───── Supplied data

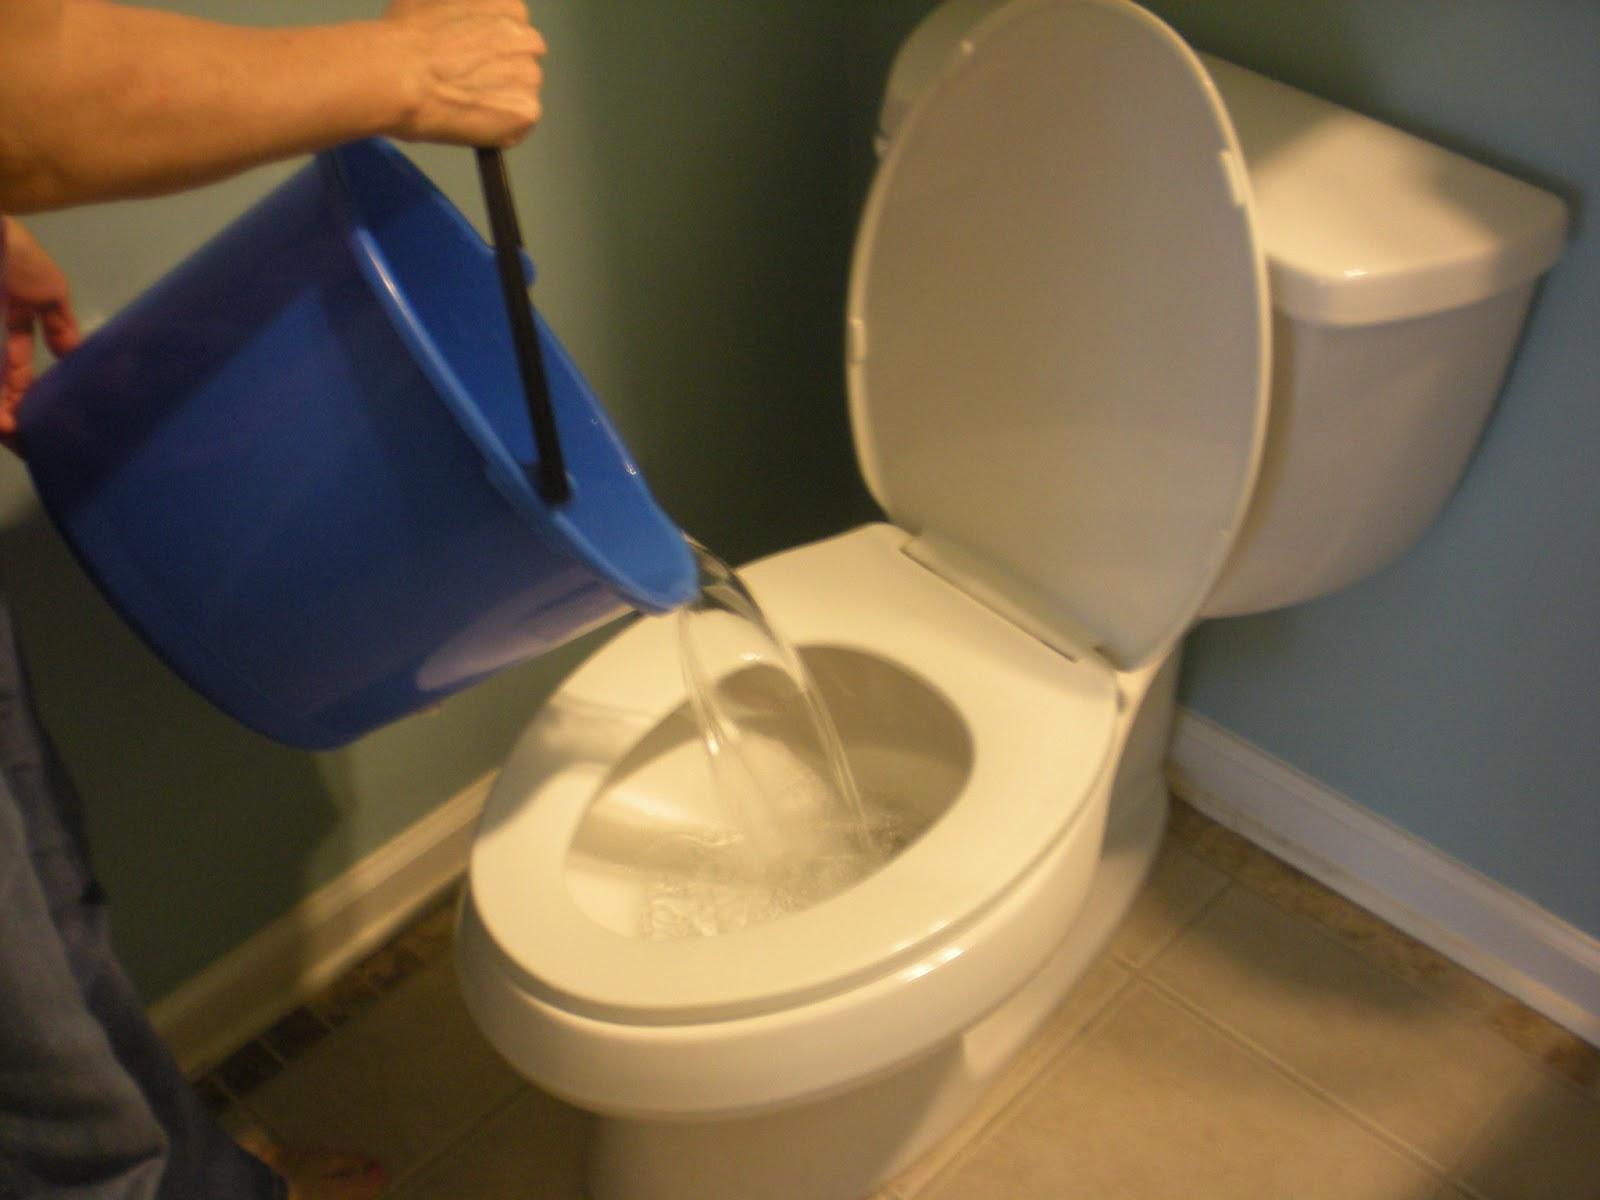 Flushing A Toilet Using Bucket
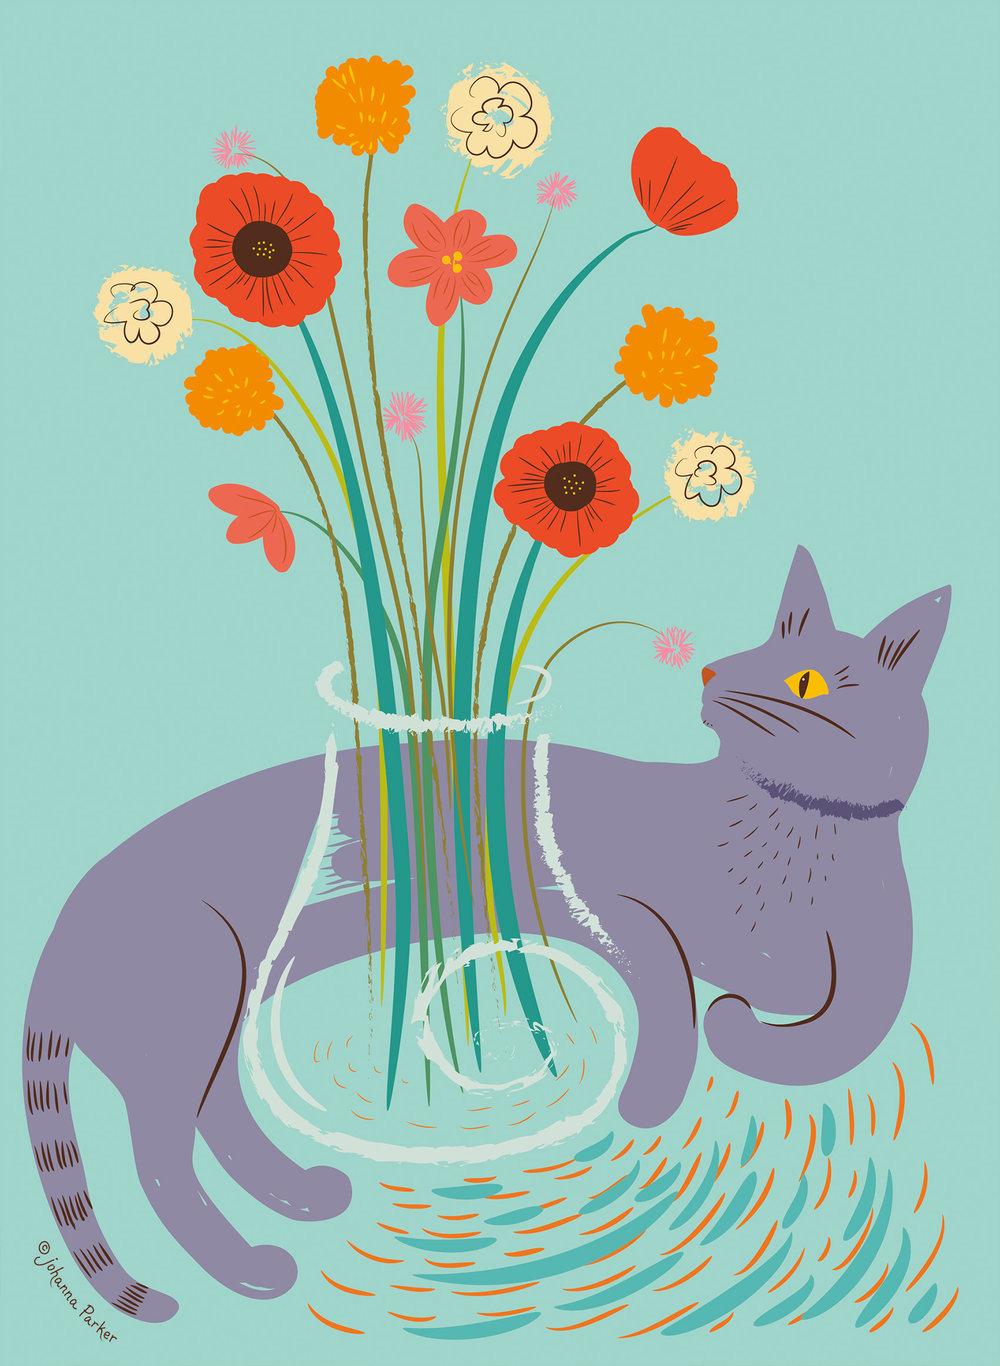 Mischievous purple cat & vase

──────────
───── Supplied data

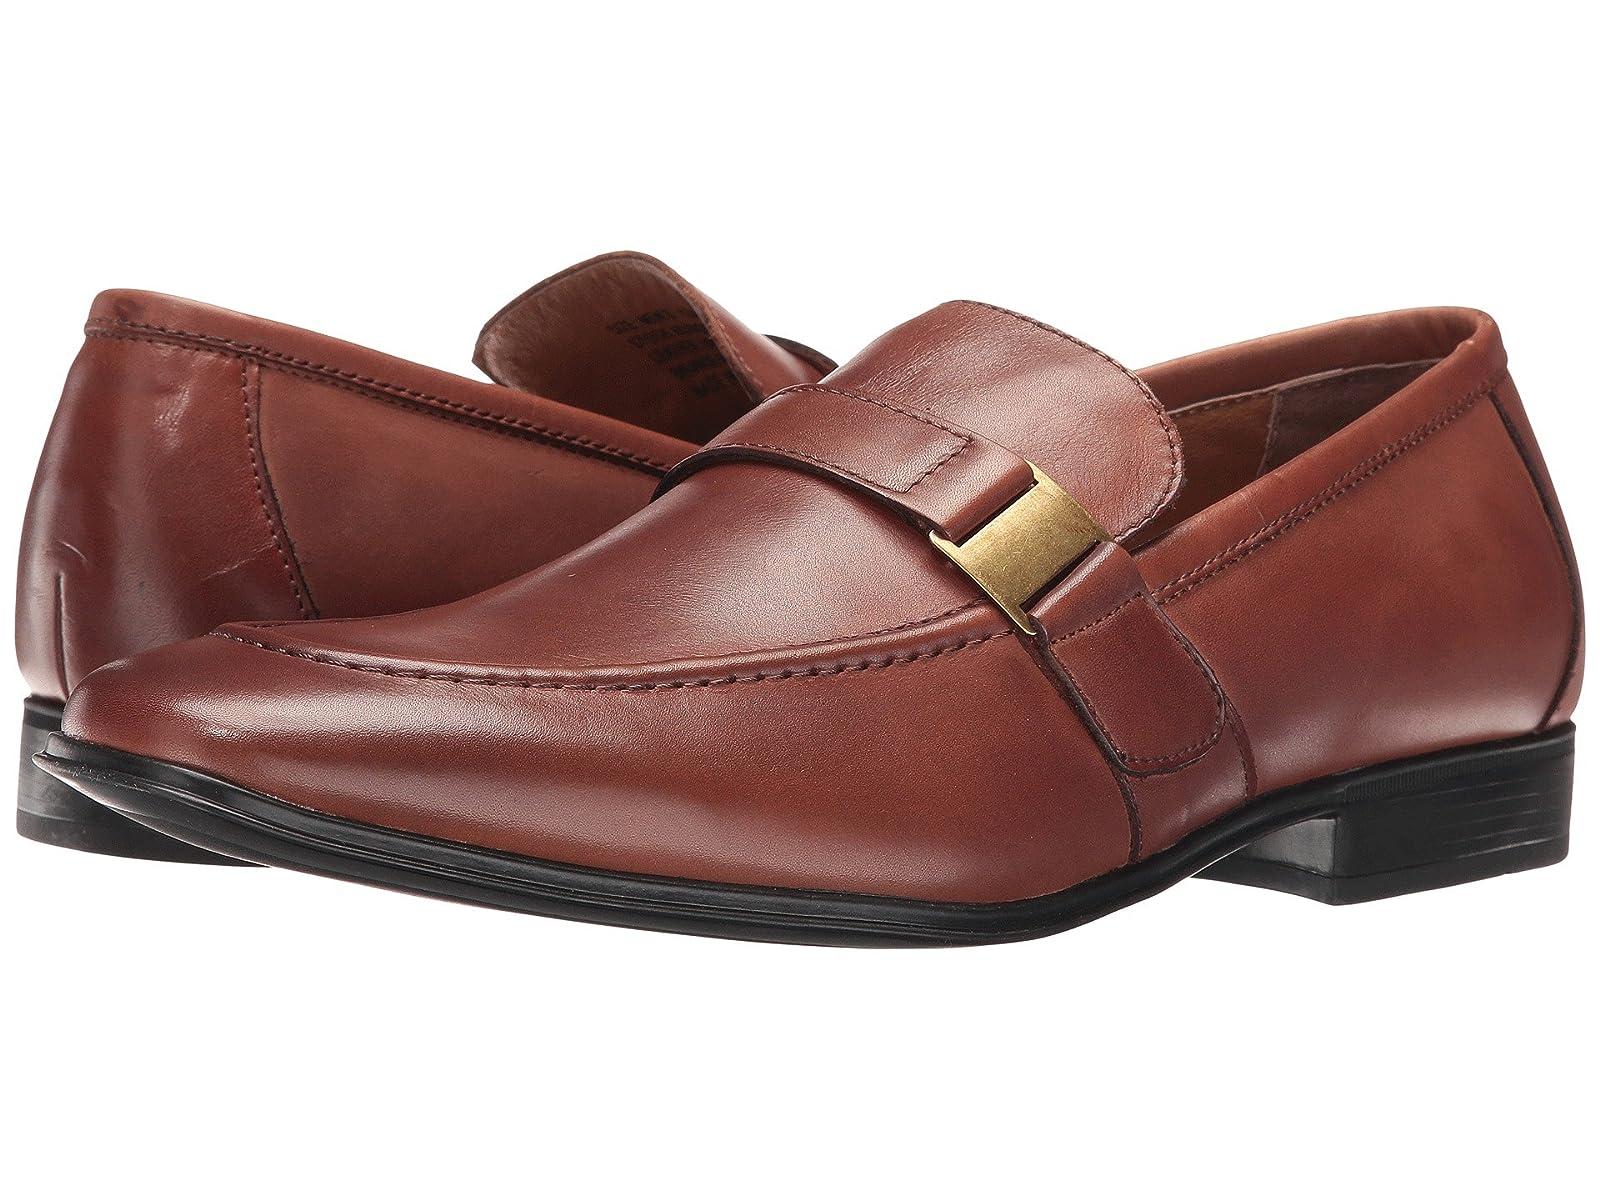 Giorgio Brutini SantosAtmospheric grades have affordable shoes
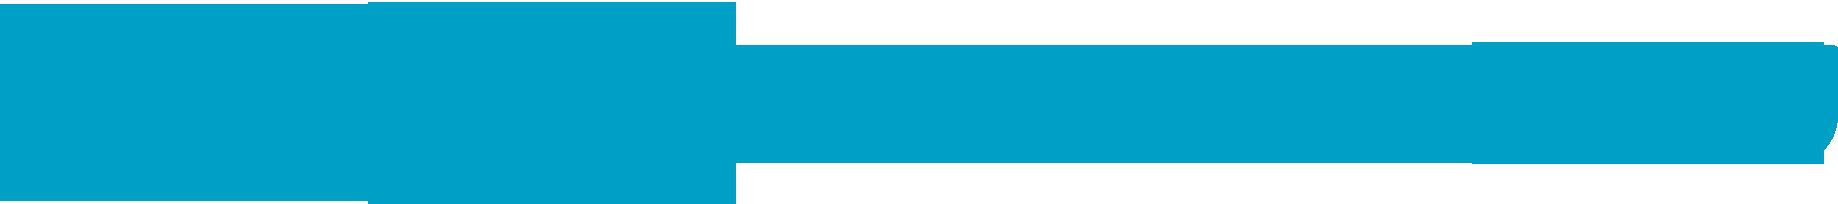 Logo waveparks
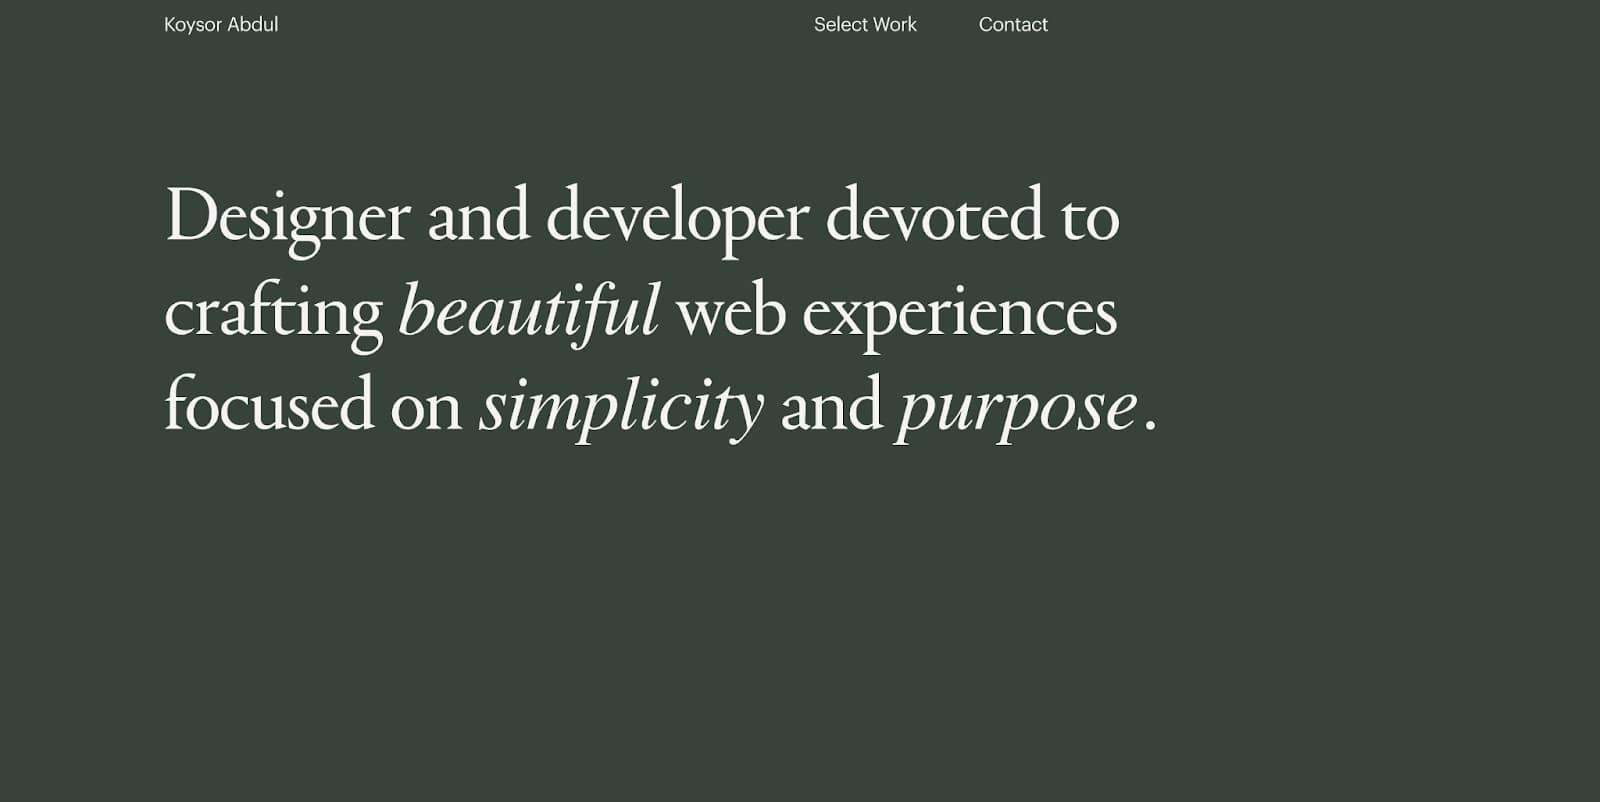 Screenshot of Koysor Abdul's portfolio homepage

──────────

§ Task details: In the entries above, which lines run from the one with "Logo waveparks" up to and including the one with "Screenshot of Koysor"? Write them out exactly, without the pictures.

§ Worked solution:
 Logo waveparks
 Screenshot of Koysor Abdul's portfolio homepage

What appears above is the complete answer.